The adoption of new medical technologies - a focus on outcomes and value
Medical devices – is value-based healthcare a help or a hindrance?
Any innovative intervention in healthcare should demand us
to ask of ourselves the problem we are
trying to solve, the desired outcome for
this individual, and the associated
costs and ramifications for the wider healthcare system. Nowhere is this more
true than in the development and adoption of diagnostic, monitoring and
therapeutic medical devices.
An evidence-based path to adoption of novel devices which
may be of very high value to patients has been problematic, as highlighted by
the recent excellent article by Campbell et al, ‘Generating evidence for new
high-risk medical devices’. Additionally there are differences between the
type of data collection required and evidence needed to support HTA decision
making between diagnostic and therapeutic devices.

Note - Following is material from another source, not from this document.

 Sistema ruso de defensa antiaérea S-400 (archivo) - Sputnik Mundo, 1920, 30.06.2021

What we are seeking to do is achieve value for patients (in
terms of the outcomes that matter to them) and healthcare providers and
governments who are under pressure to balance resource allocation to meet
multiple needs of patients across the population they serve.

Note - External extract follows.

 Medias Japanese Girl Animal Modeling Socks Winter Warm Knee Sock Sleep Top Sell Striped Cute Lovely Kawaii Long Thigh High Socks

Therefore we want to adopt novel devices quickly when they
show a lot of promise but also subsequently ensure that they deliver on that
promise in the lives of real people. We can and should back up that decision
making with ongoing outcome data capture including patient-reported outcomes as
part of real world evidence generation. The push towards value-based healthcare
is helpful in this regard as it encourages the embedding of patient-reported
outcome data capture into direct care, thereby making it a more sustainable
endeavour with the ability to create more robust data sets. The implementation
of patient-reported outcome measurement should never be set up as a data
collection exercise alone. Patient -reported outcomes can enhance the
communication between patients and their clinical teams and therefore have a
range of uses in supporting shared decision making, acting as triggers for key
conversations and as a needs assessment, long before we have acquired larger
datasets for value analysis.
Much has already been said about the need for a new
relationship between industry and healthcare systems, particularly in considering
new contracting models based on patient outcomes. This should not be
misunderstood, as this new relationship with industry is not about driving the
medical industrial complex in isolation without taking account of the impact of
an intervention on the whole system of care for patients. We accept that
industry has to be profitable. However, to achieve maximum value for patients
we need to also ensure that we undertake two additional activities.

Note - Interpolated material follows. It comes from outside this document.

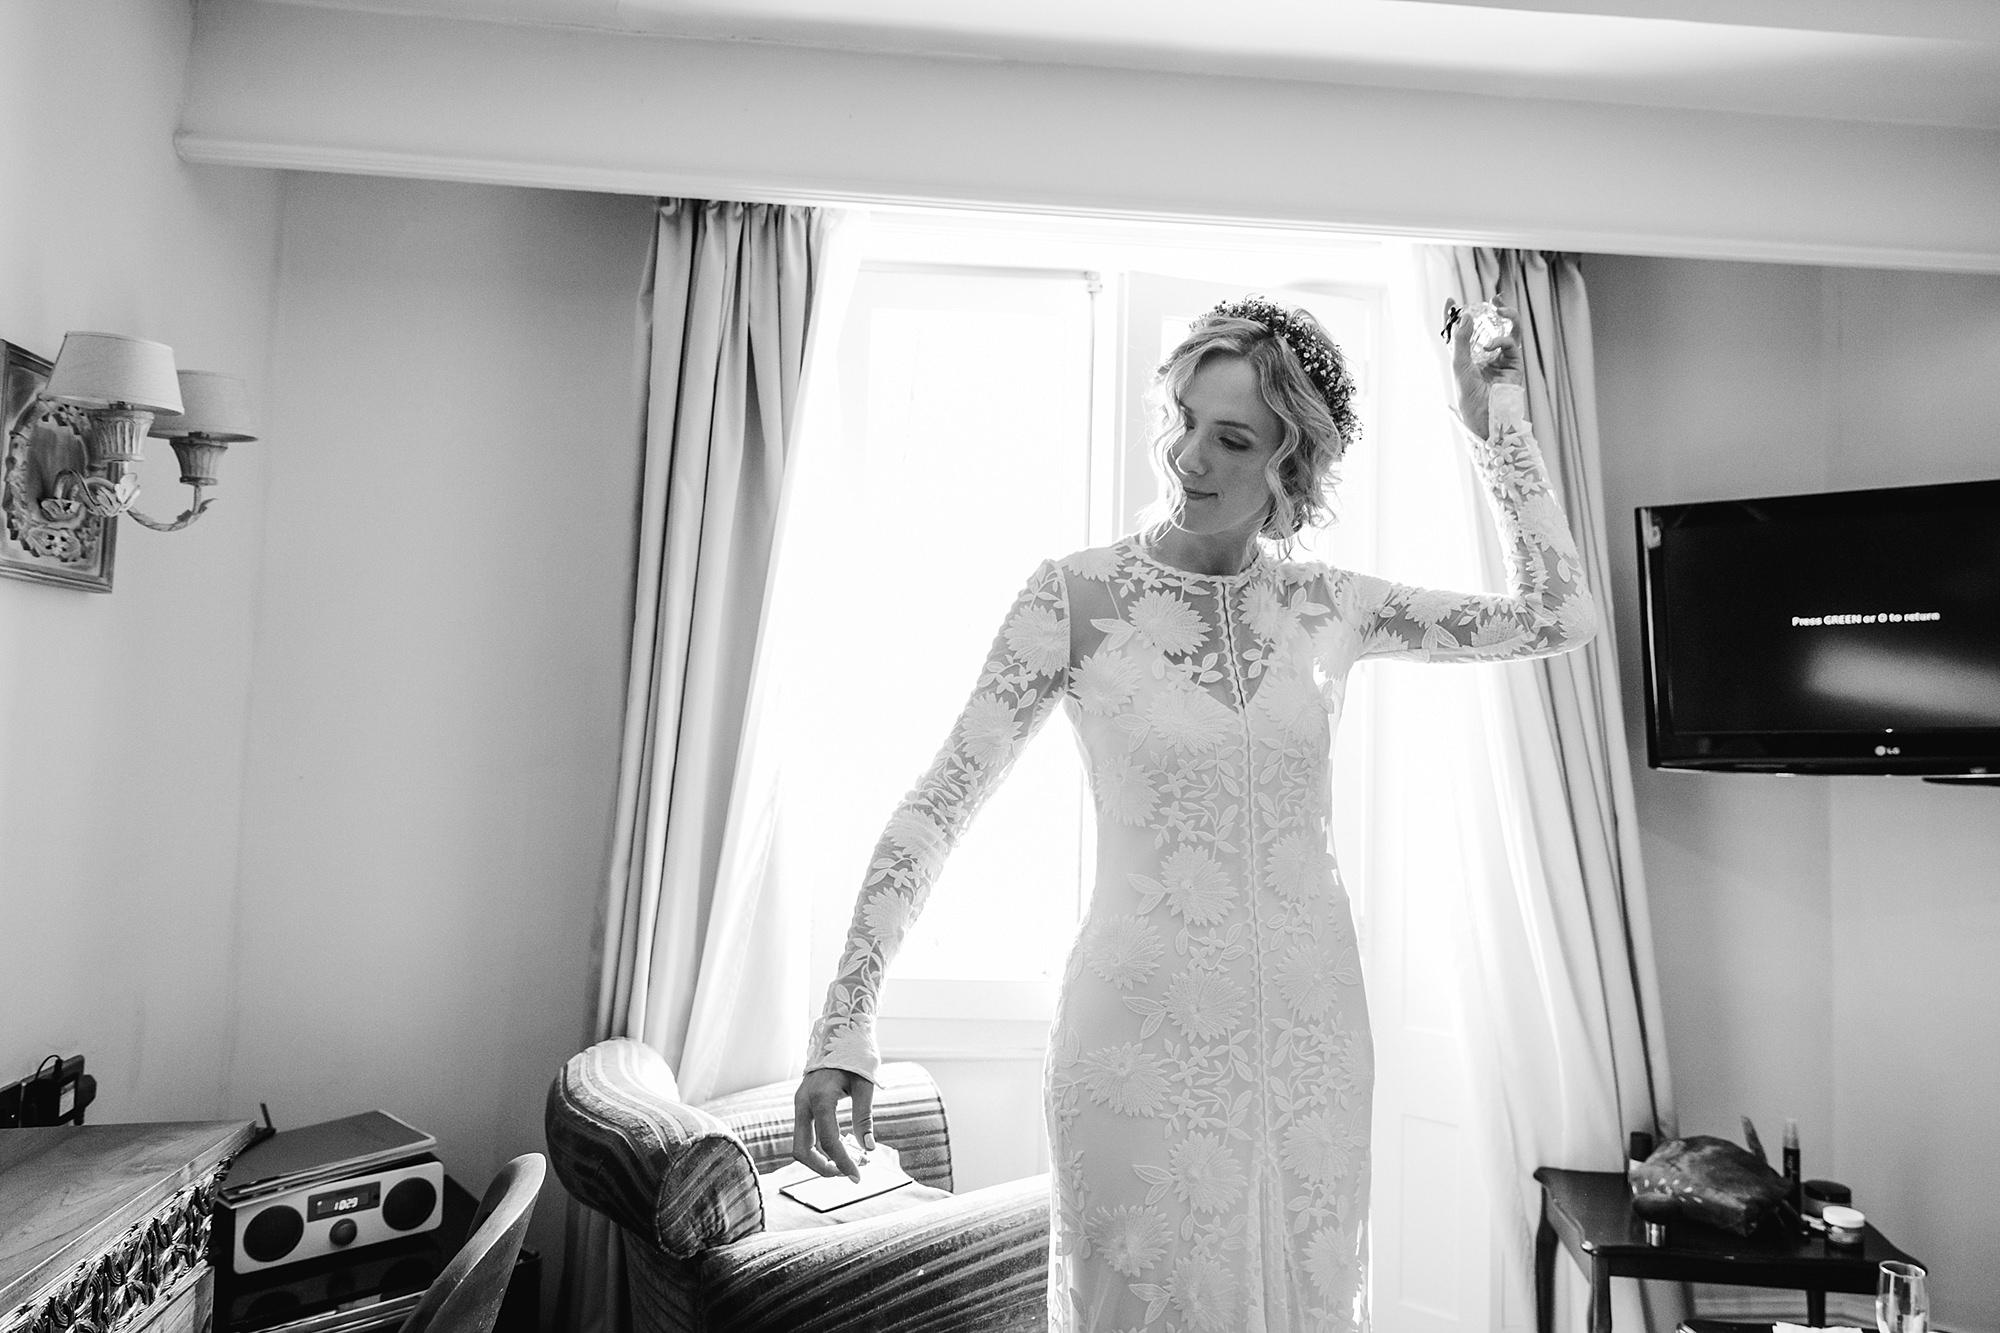 Isis Farmhouse Oxford Wedding portrait of bride spraying perfume as she gets ready

The first of these is of course to minimise unnecessary costs
by adopting the most cost effective product on the market. Careful attention to
outcomes is necessary in order to make this judgment.
The second is to ensure optimal positioning of devices in
the patient pathway. Does evidence based medicine not achieve this? If we look
at any atlas of variation on device utilisation it would appear not. For
example, the use of implantable devices for patients with advanced heart
failure often correlates only with the proximity of the patient’s home to the tertiary
centre. Unwarranted variation, both over- and under-treatment exist and we must
tackle both. If we look at the definition of evidence-based medicine as
outlined by David Sackett, we may be able to guess at the answer why.
• ‘Evidence-based
practice is the conscientious, explicit and judicious use of current best
evidence in making decisions about the care of the individual patient. It means
integrating individual clinical expertise with the best available external
clinical evidence from systematic research.’
• ‘The
patient brings to the encounter his or her own personal preferences and unique
concerns, expectations, and values.’
Crucially, evidence-based guidelines tend to miss out the
second part about the patient’s context and the shared understanding of their
situation with their clinician. This in turn may subsequently influence choices
made about the appropriateness of an intervention for that individual including
whether to receive a medical device. This problem impacts on monitoring devices,
for example CGM in diabetes or telemetry in heart failure; and therapeutic
devices, for example implantable defibrillators or resynchronisation devices in
heart failure patients.
Condition-specific patent-reported outcome data are
essentially structured communications about symptoms and health status between
an individual and their clinician. It therefore provides information both about
need and about impact of an intervention on quality of life in a very specific
way. Unlike generic measures of quality of life such as the EQ5D, it is
generally harder to generate QALYs (quality adjusted life years), the
comparable measure of cost effectiveness usually employed by health economists
as part of the bases for a health technology assessment. However, I would argue
that these measures give us much more information about the impact of an
intervention.
If we can embed patient-reported outcome measures as a
useful activity in the direct care of patients, and find ways to use this data
including in the generation of QALYs from condition-specific tools, then we
will enhance our ability to assess the value of medical devices and their true
impact on the lives of patients.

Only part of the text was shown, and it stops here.